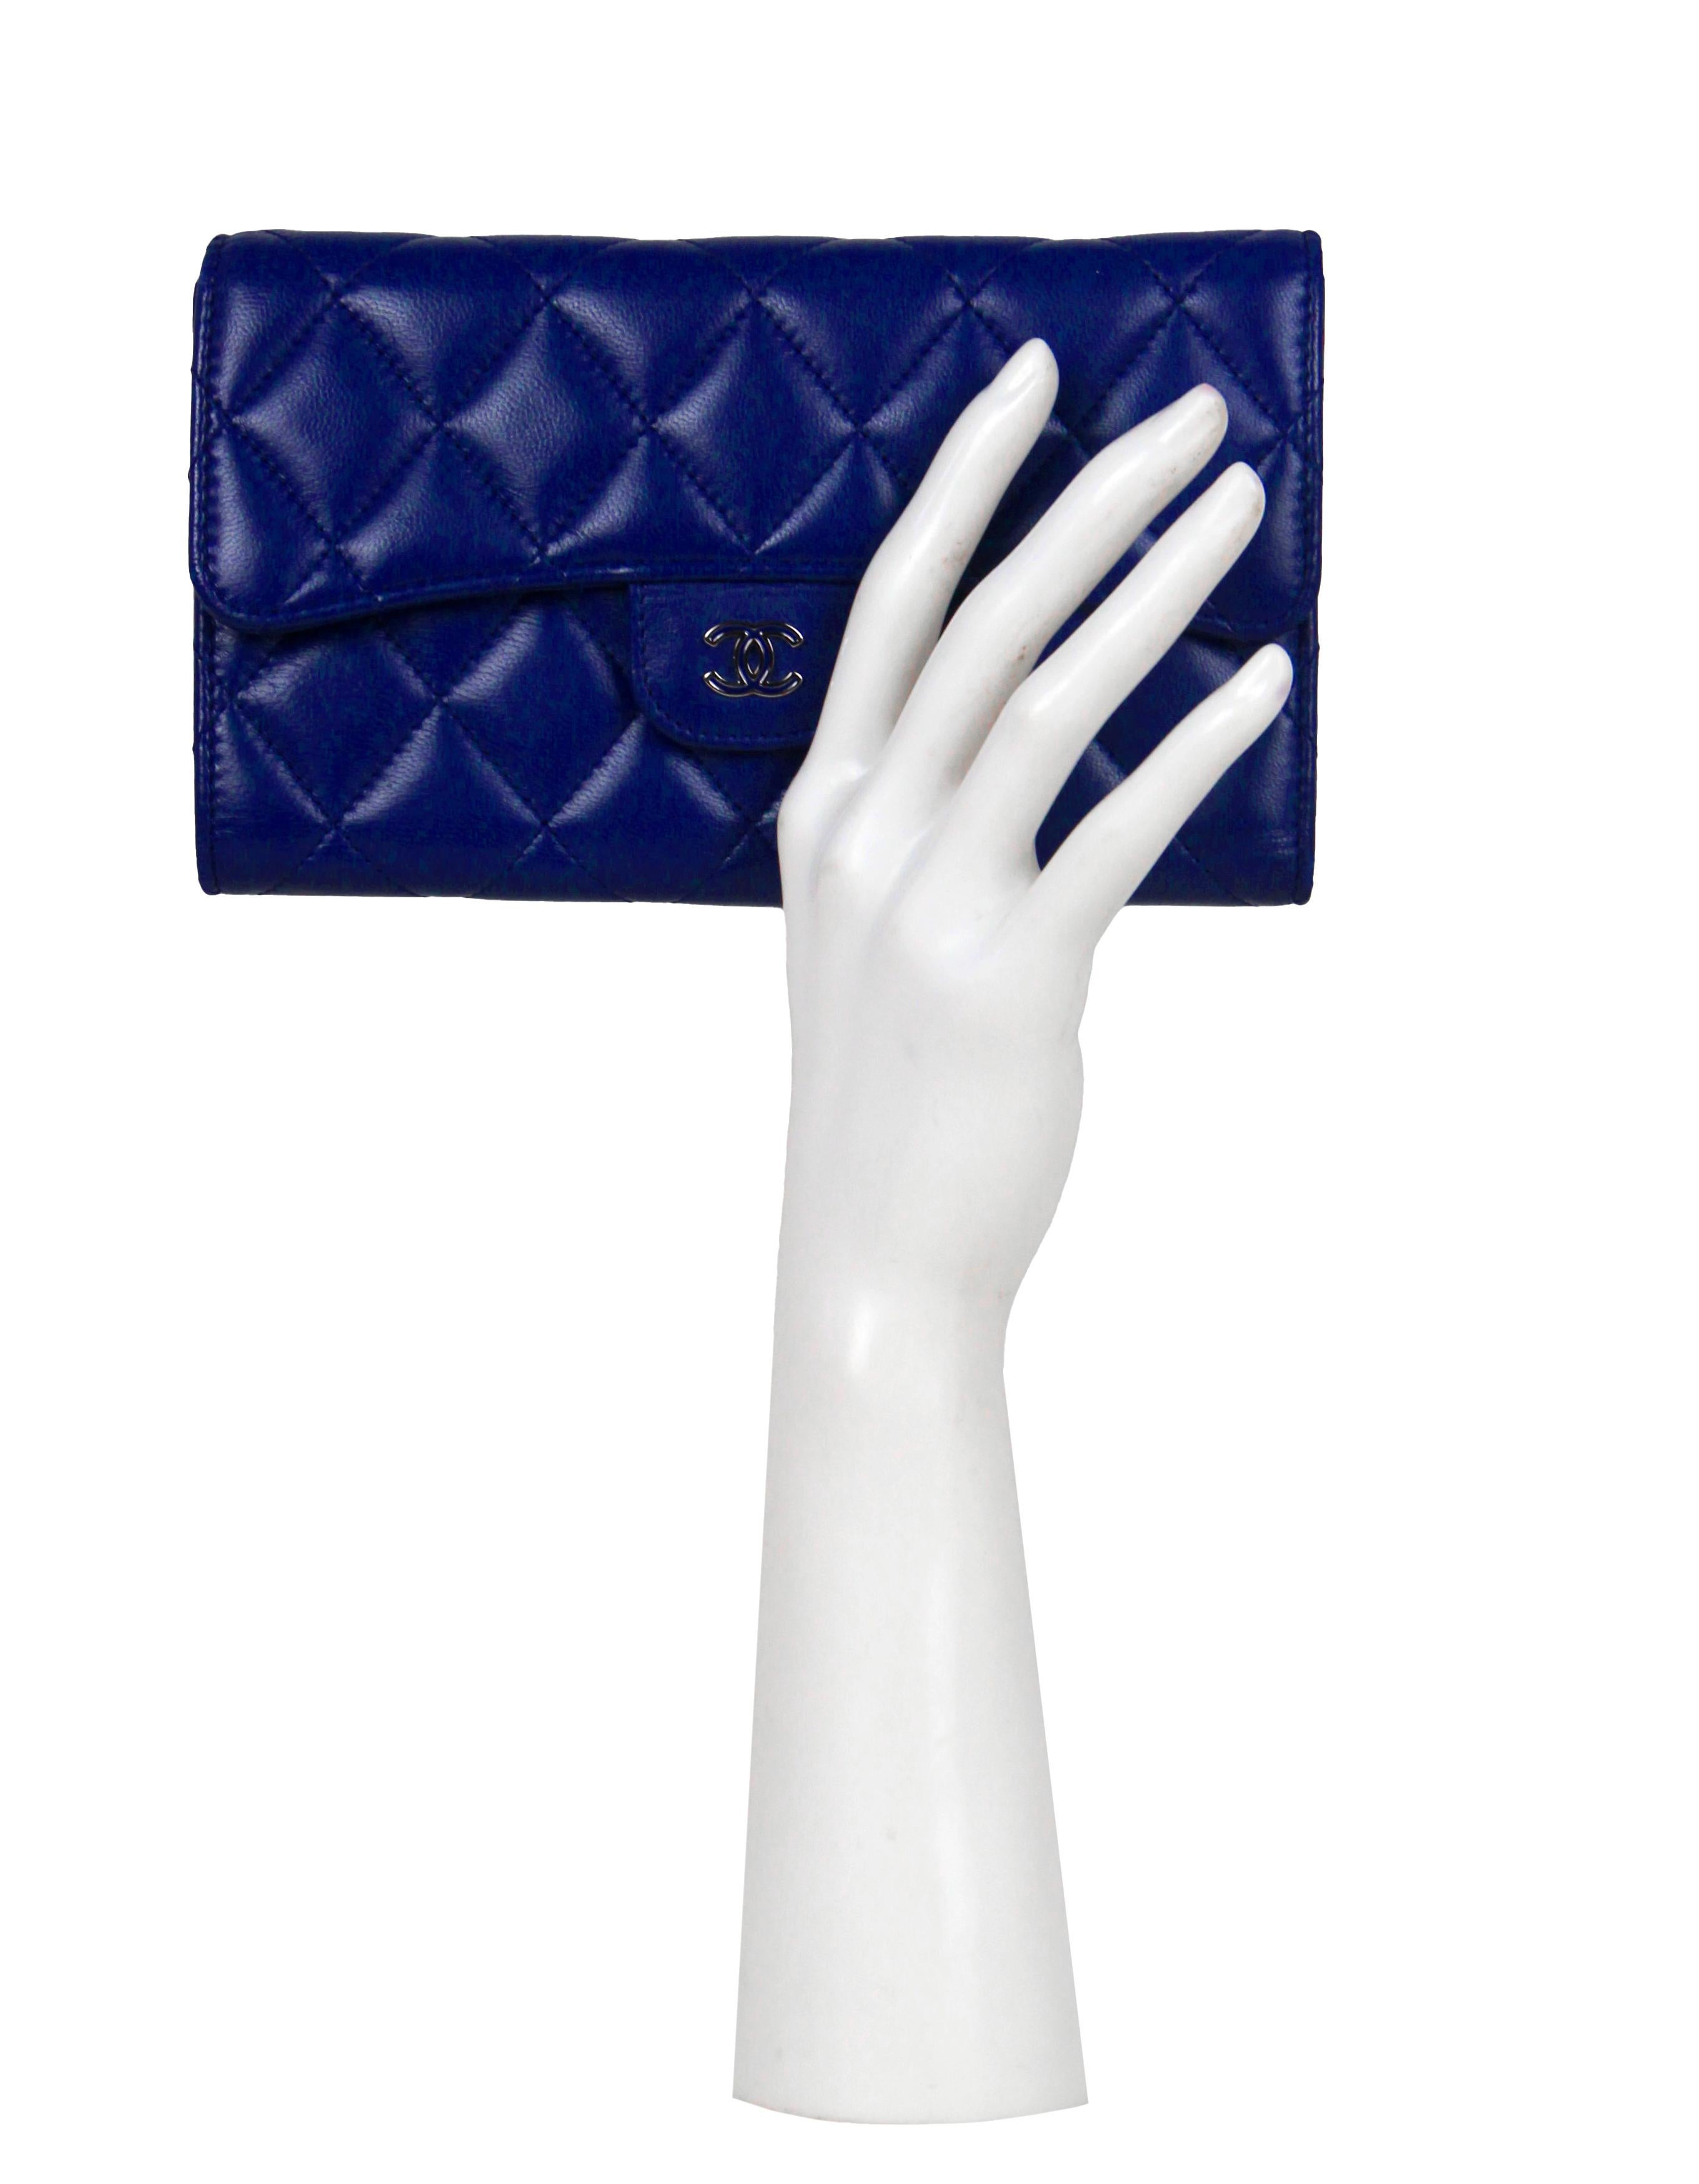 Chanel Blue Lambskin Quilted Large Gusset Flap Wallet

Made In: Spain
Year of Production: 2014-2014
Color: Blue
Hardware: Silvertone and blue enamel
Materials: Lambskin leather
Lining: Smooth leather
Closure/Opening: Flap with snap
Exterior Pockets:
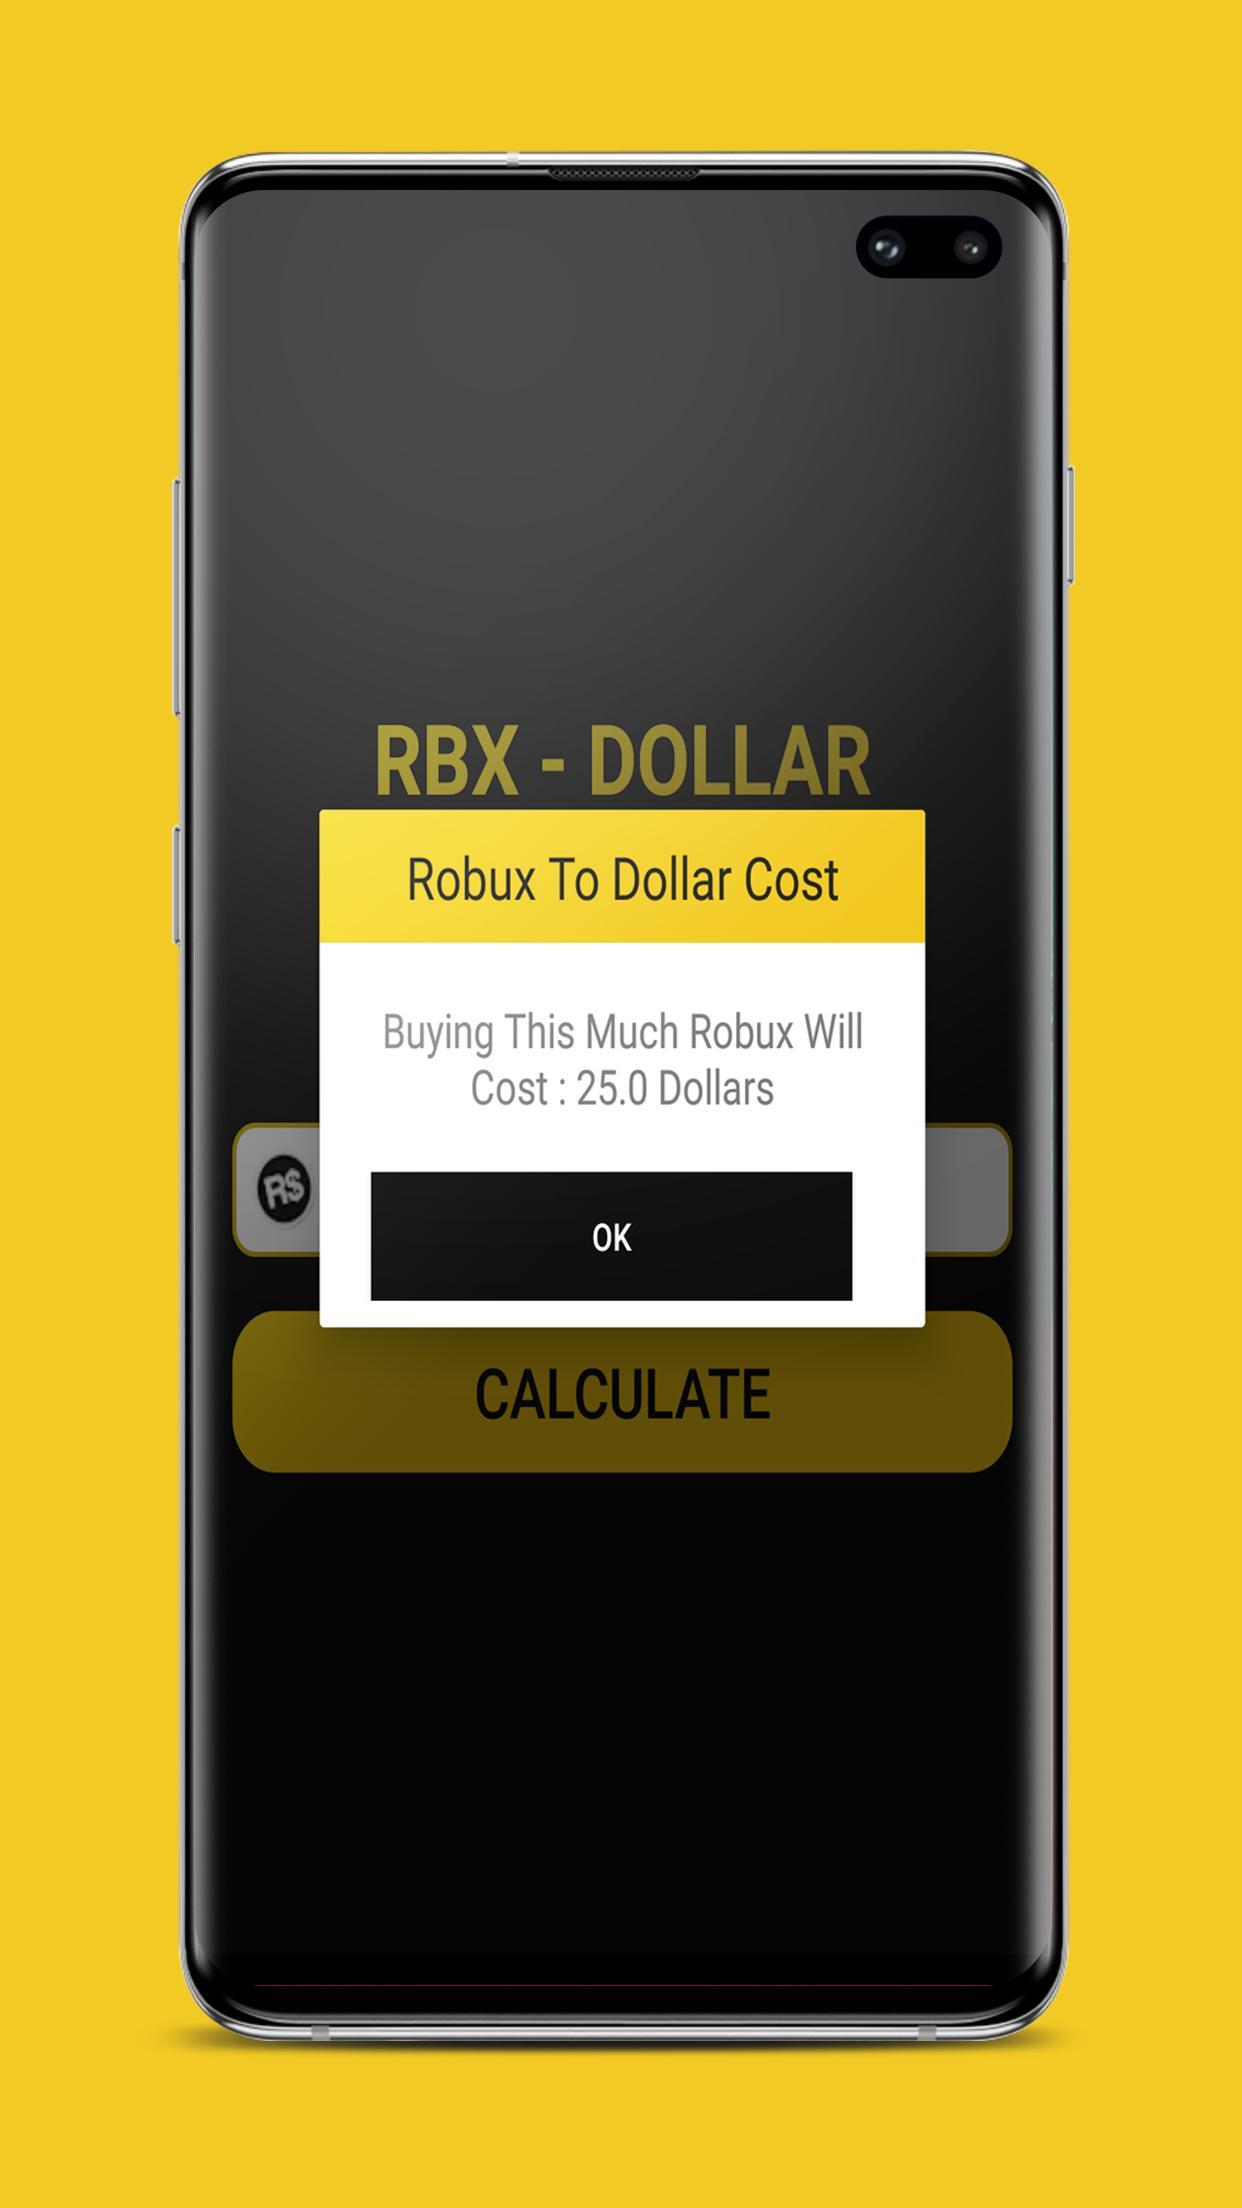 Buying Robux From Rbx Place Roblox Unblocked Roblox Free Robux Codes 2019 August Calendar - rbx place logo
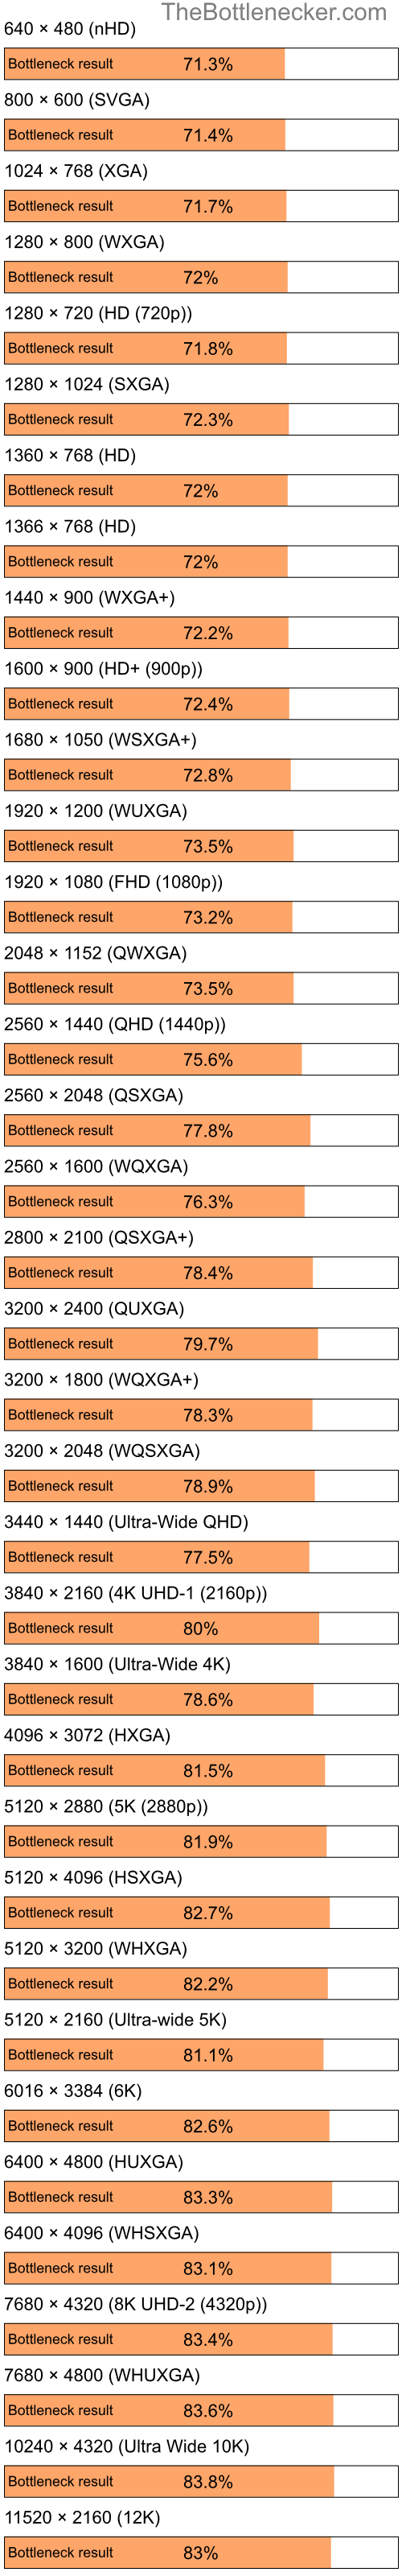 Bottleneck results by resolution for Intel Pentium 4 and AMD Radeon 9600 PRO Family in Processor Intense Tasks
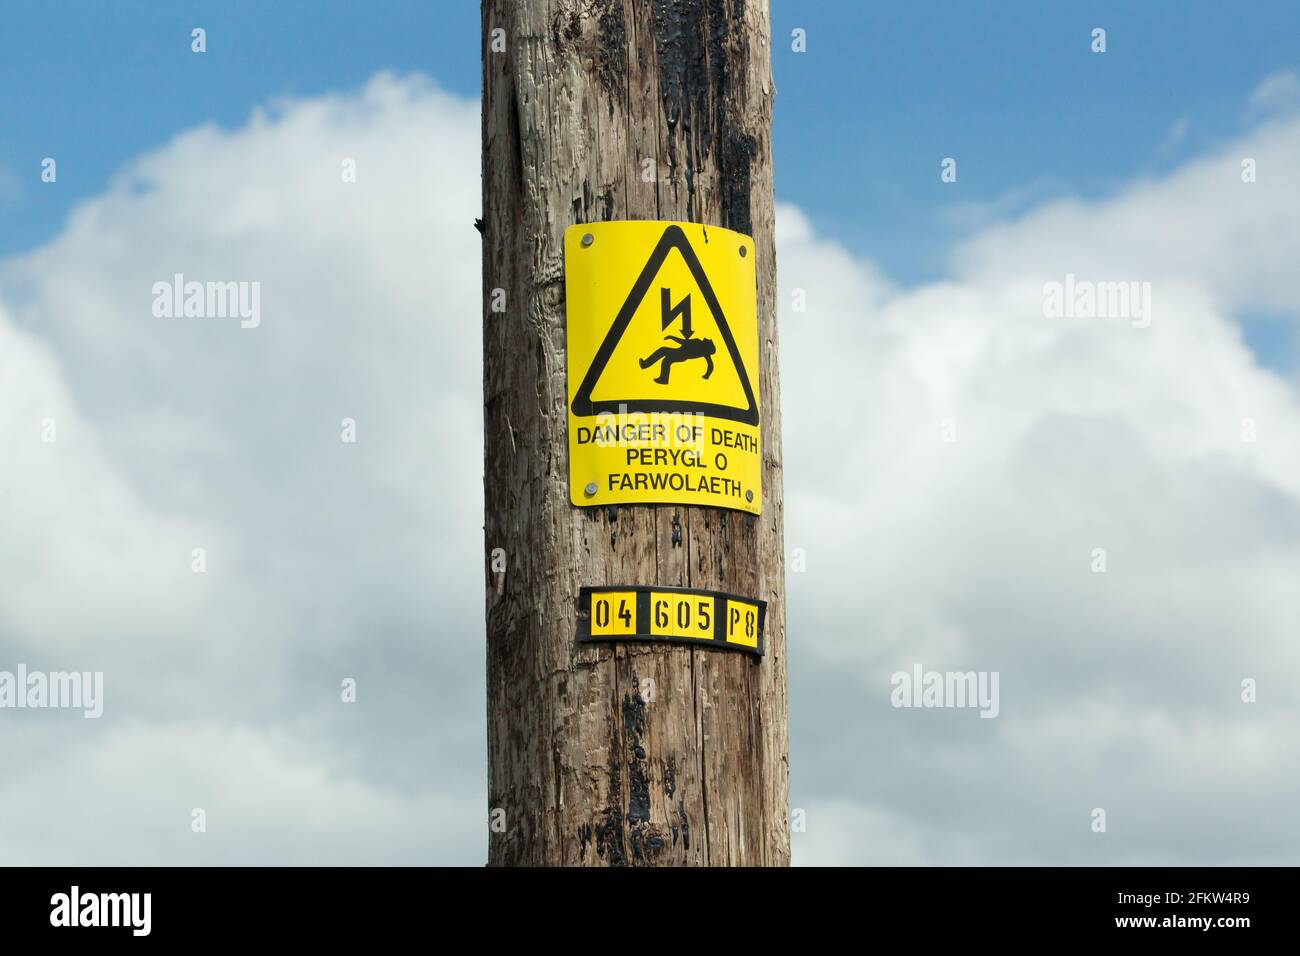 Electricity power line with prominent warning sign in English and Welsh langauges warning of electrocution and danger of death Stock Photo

ABOUT THIS EXERCISE: The needed output is the lines from the one with "Lining: Smooth leather" through the end of the listing, written out exactly, both ends included, pictures excluded.

EXPECTED OUTPUT:
Lining: Smooth leather
Closure/Opening: Flap with snap
Exterior Pockets:
 Buying Robux From Rbx Place Roblox Unblocked Roblox Free Robux Codes 2019 August Calendar - rbx place logo
 Bottleneck results by resolution for Intel Pentium 4 and AMD Radeon 9600 PRO Family in Processor Intense Tasks
 Electricity power line with prominent warning sign in English and Welsh langauges warning of electrocution and danger of death Stock Photo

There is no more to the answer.